When it comes to condominium construction, the many tiers of equity and debt needed to get the job done have become all the more complicated.
As the amount of money that U.S. banks are willing to lend to developers has decreased tremendously in the past year — especially for ultra-luxury projects — those looking to build condos from the ground up must cobble together financing from a wider array of alternative sources. That includes additional equity partners, high-yield debt funds, hedge funds and foreign investors.
Extell Development [TRDataCustom], for example, is seeking $190 million in EB-5 financing for its 95-story Central Park Tower at 217 West 57th Street and $200 million for its 80-story One Manhattan Square project at 252 South Street.
“The bank world is definitely gun-shy about condos at the moment,” said Richard Sussman, a real estate attorney with Rosenberg & Estis. “I don’t think anyone thinks building $5,000-a-square-foot condo units is the thing to do now.”
Industry players across the board have been sounding the alarm over softness at the top of New York’s condo market in recent months. An analysis of data from Olshan Realty’s weekly market report showed that sales volume of luxury condos in Manhattan dropped 25 percent in the first 20 weeks of 2016, compared to the same time last year.

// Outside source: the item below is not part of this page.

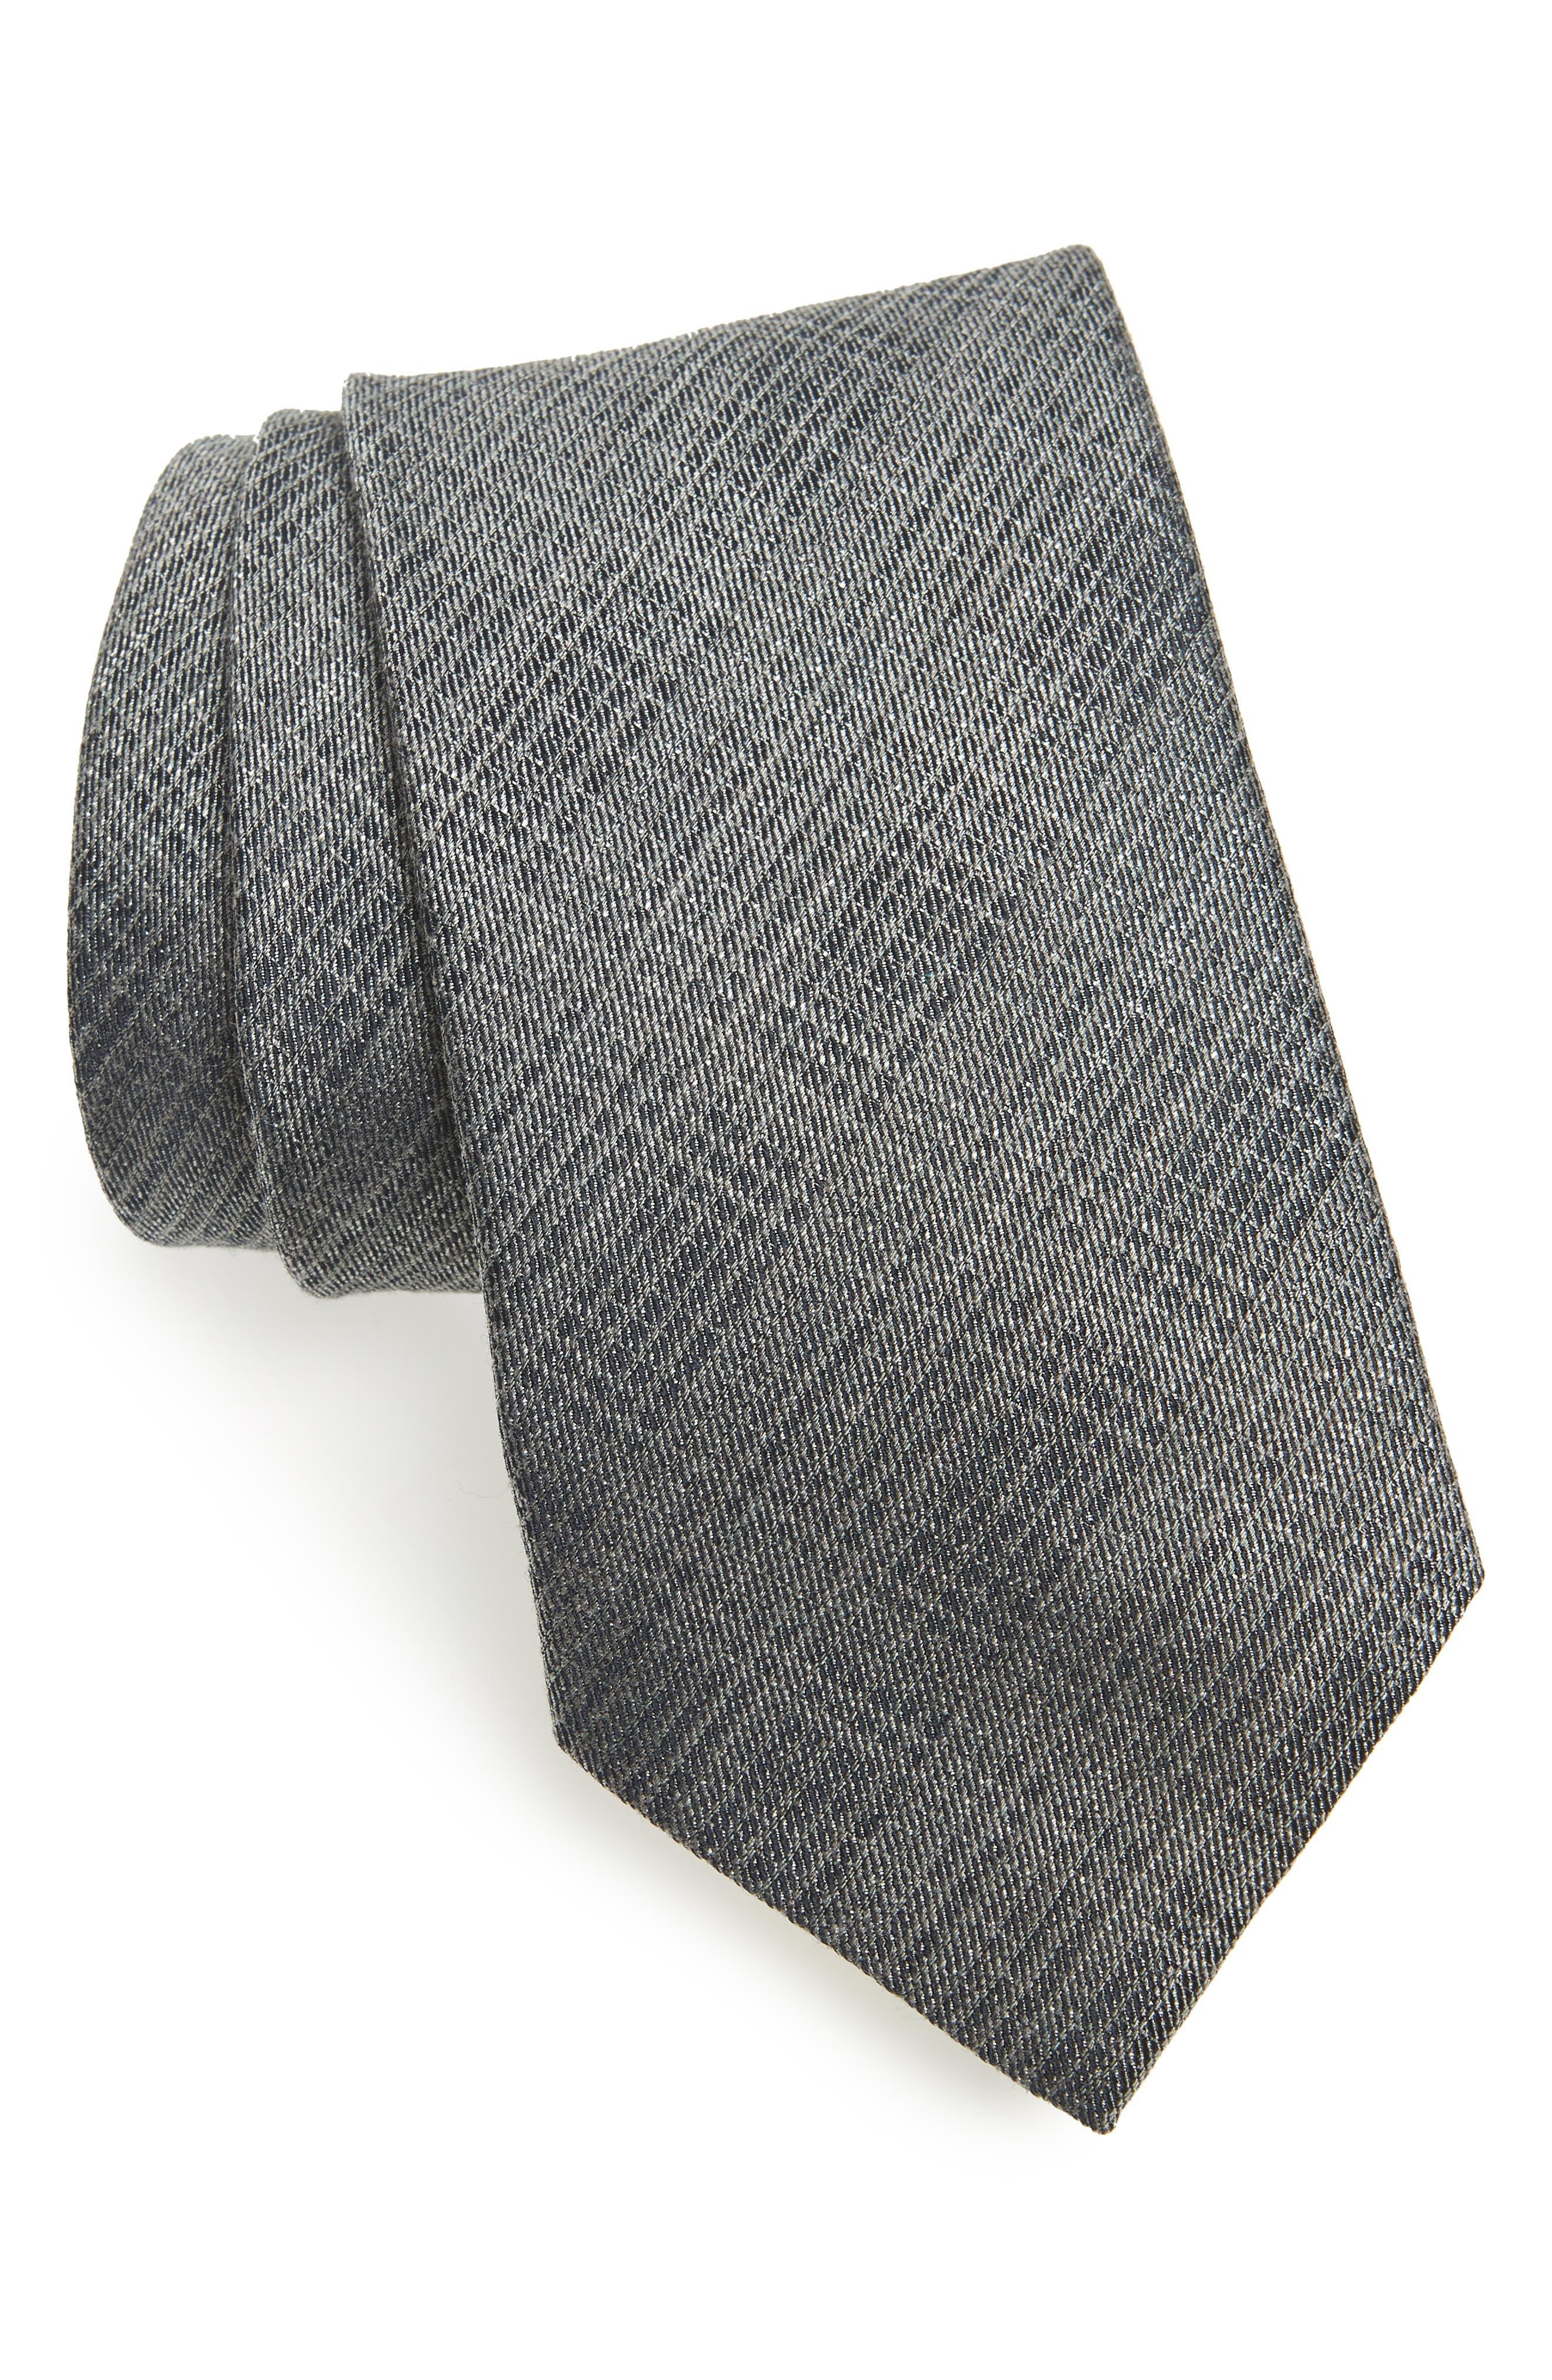 Crosshatch Tie,                         Main,                         color, SILVER GREY

This means an even more complex capital stack for many of those projects — one that requires more tranches of sponsor equity, mezzanine debt, preferred equity, EB-5 funds and even the prospect of crowdfunding. Morrison & Foerster’s Mark Edelstein told The Real Deal that developers are lucky to get banks to cover 50 percent of the cost of a condo project and are often expected to put down more of their own money than in previous years.
Compare this to before the market collapsed in 2008, and the typical stack for condo construction takes on a totally different look. In 2006, banks were routinely lending between 60 and 70 percent of the cost of a condo project, and in some cases more than 75 percent. Mezzanine loans often took the loan-to-cost (LTC) ratio up to 90 percent and then developers covered the remaining 10 percent or so with equity, Edelstein said.
LTC levels dropped in 2008 and 2010, and many condo projects stalled during the recession as traditional bank financing became virtually unavailable for the bulk of developers. Then, as the market recovered and New Yorkers saw residential prices begin to climb dramatically, the LTC on many projects ticked back up — reaching 50 to 55 percent in 2011 and 2012, and up to 65 percent in 2014 and 2015.
Now, in mid-2016, those ratios have once again changed. While some developers with particularly deep pockets can fill in the gap left by the recent retreat of banks, others have to find alternatives that are often more expensive and less secure. In the most complex scenarios, the financing for a condo project can include upward of four layers of mezzanine debt and preferred equity, among other sources of funding.
“The larger the deal, the more layers you’ll need to get up to the desired leverage point,” said Drew Fletcher, president of New York-based debt and equity brokerage the Greystone Bassuk Group. “The more specialized the asset type, the more complicated the capital stack.”